### GOAL OF THE EXERCISE:
As an exercise in exact copying, transcribe the lines below from the one holding "Polo bolsillo Goodthreads" through the last, with both ends included and pictures left out.

### DATA EXTRACT:
● ● ●

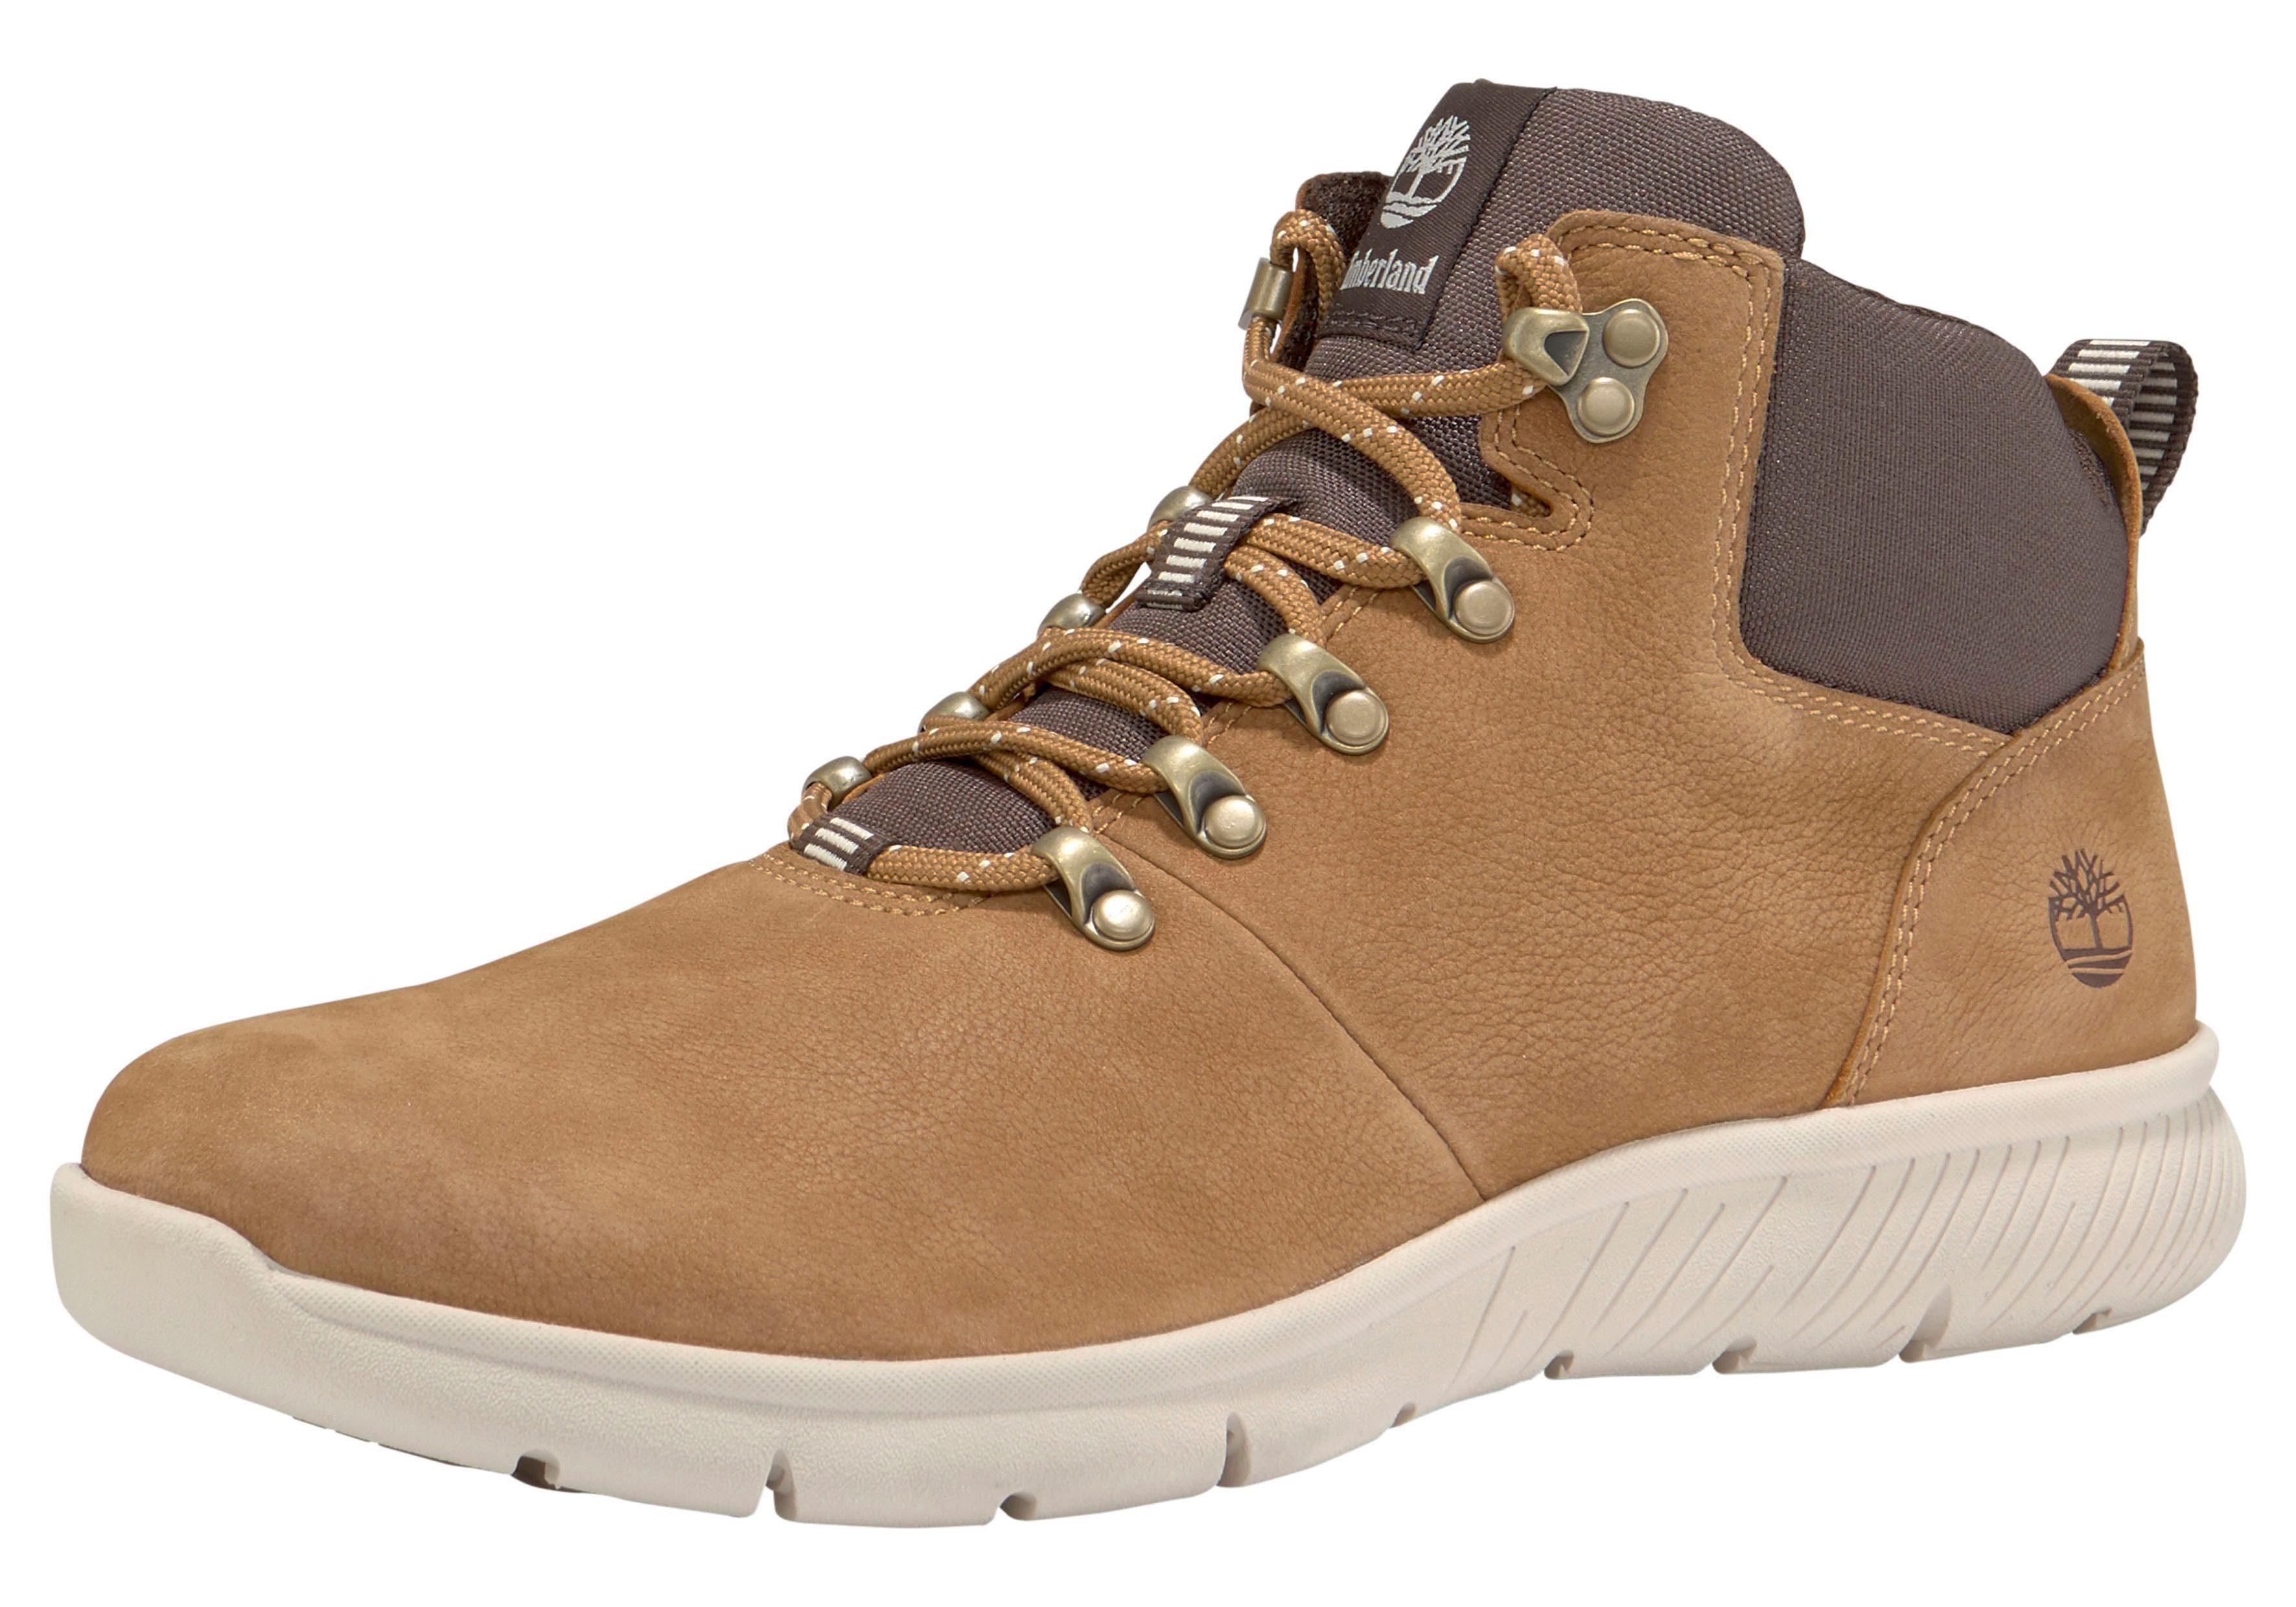 Timberland »Boltero Leather Hiker« Sneaker kaufen | OTTO
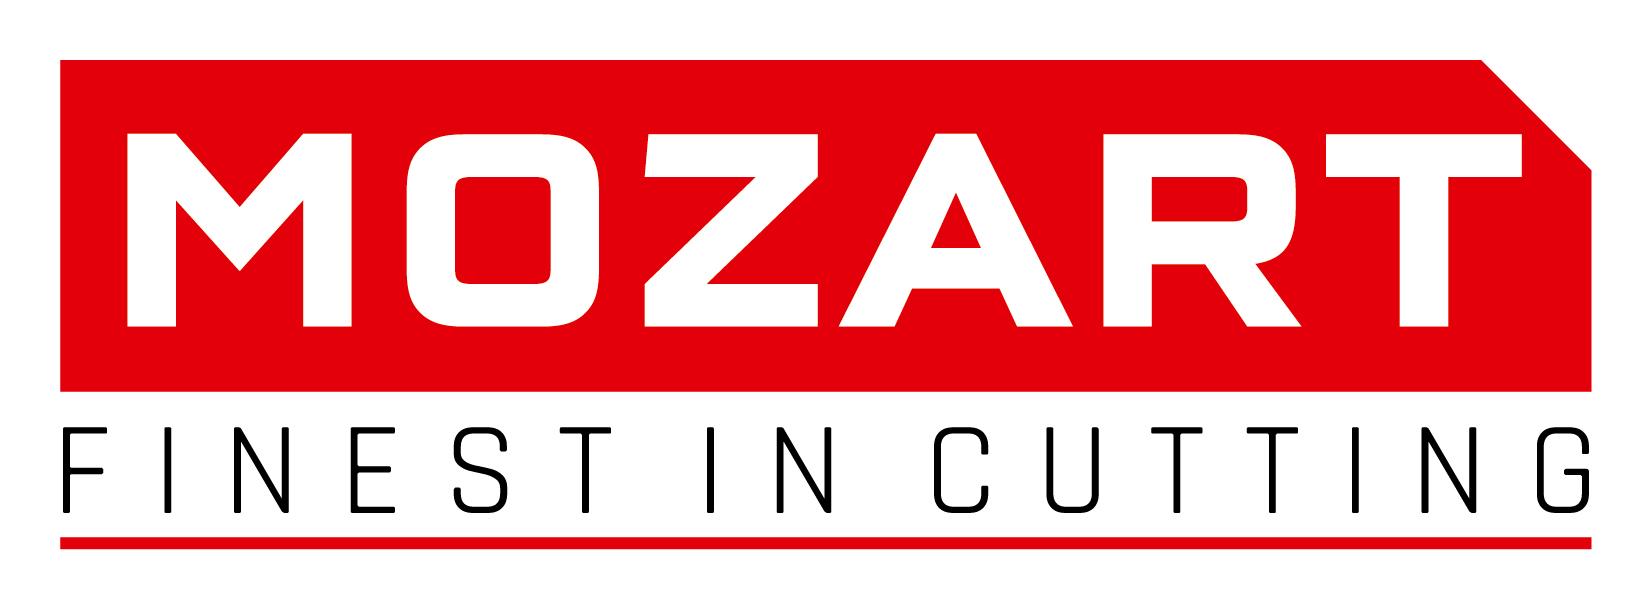 Grafcet Schulung für MOZART AG
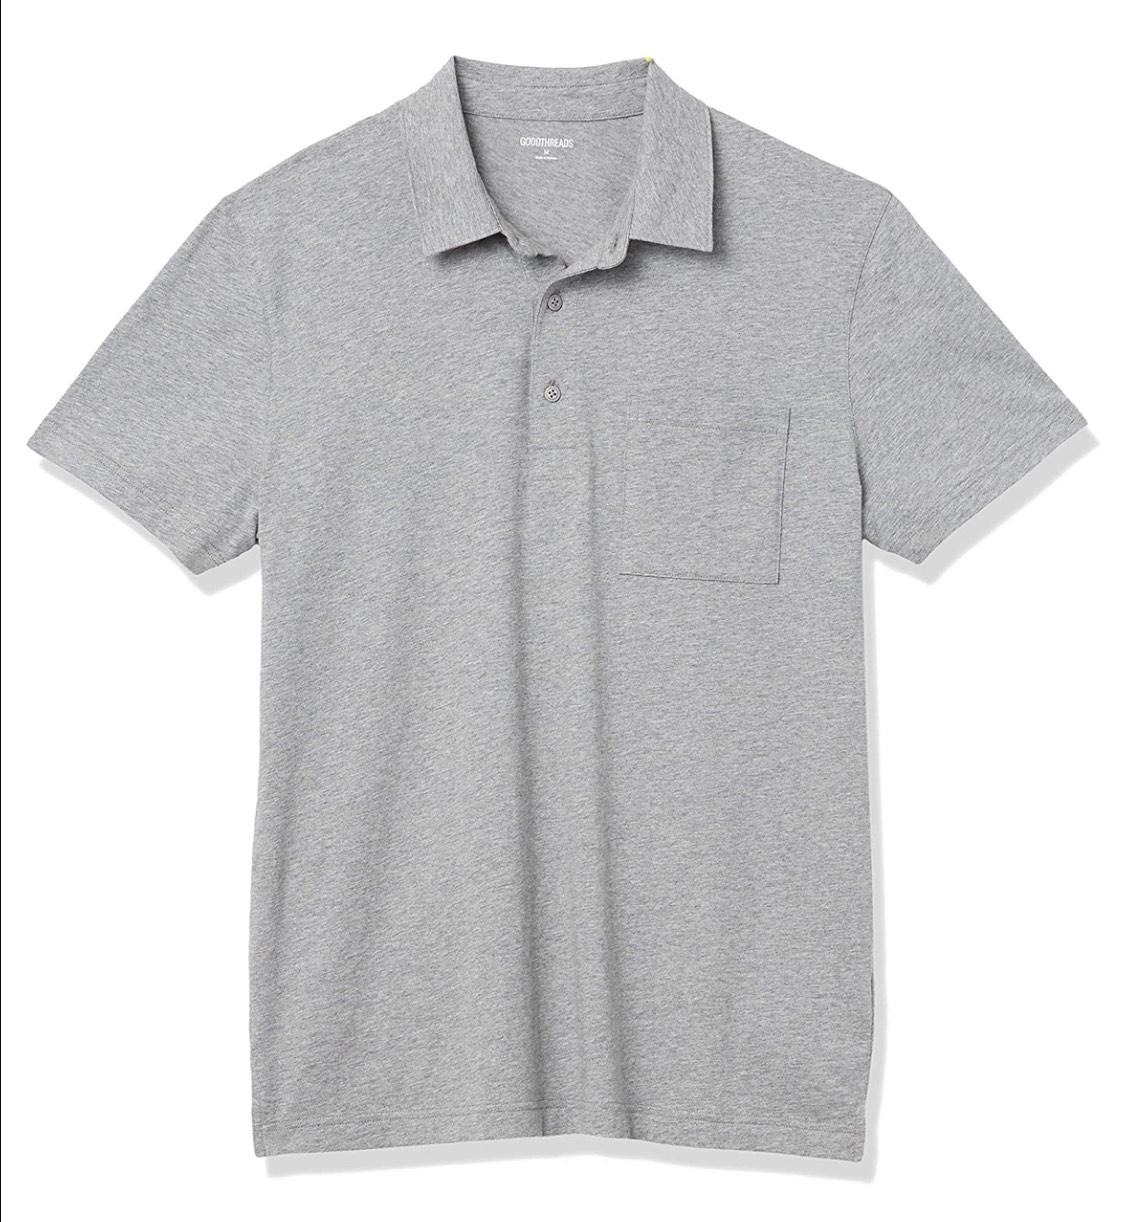 Polo bolsillo Goodthreads adulto talla S (Burdeos 5.92€, verde 6.80€)
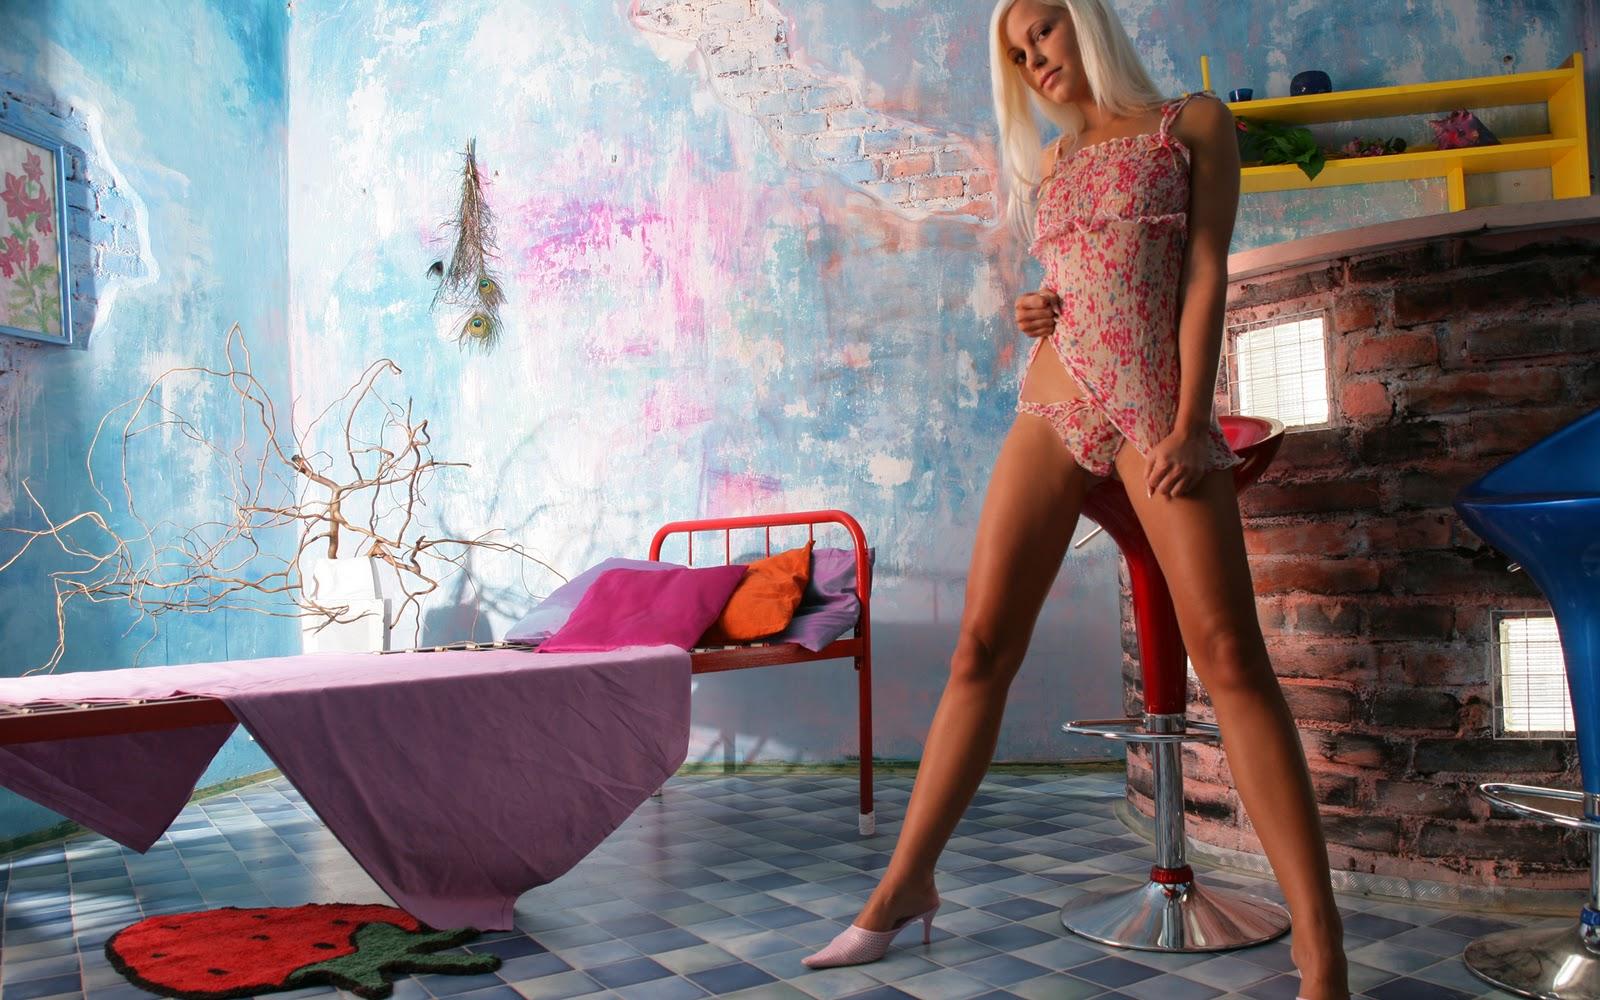 http://1.bp.blogspot.com/_Y5-4Z4aPcOI/TUpYZ3e2KHI/AAAAAAAABaY/kMSowXj3-VE/s1600/dido-acquerello-1920x1200-001.jpg

● ● ●

### SOLUTION:
 Polo bolsillo Goodthreads adulto talla S (Burdeos 5.92€, verde 6.80€)
 http://1.bp.blogspot.com/_Y5-4Z4aPcOI/TUpYZ3e2KHI/AAAAAAAABaY/kMSowXj3-VE/s1600/dido-acquerello-1920x1200-001.jpg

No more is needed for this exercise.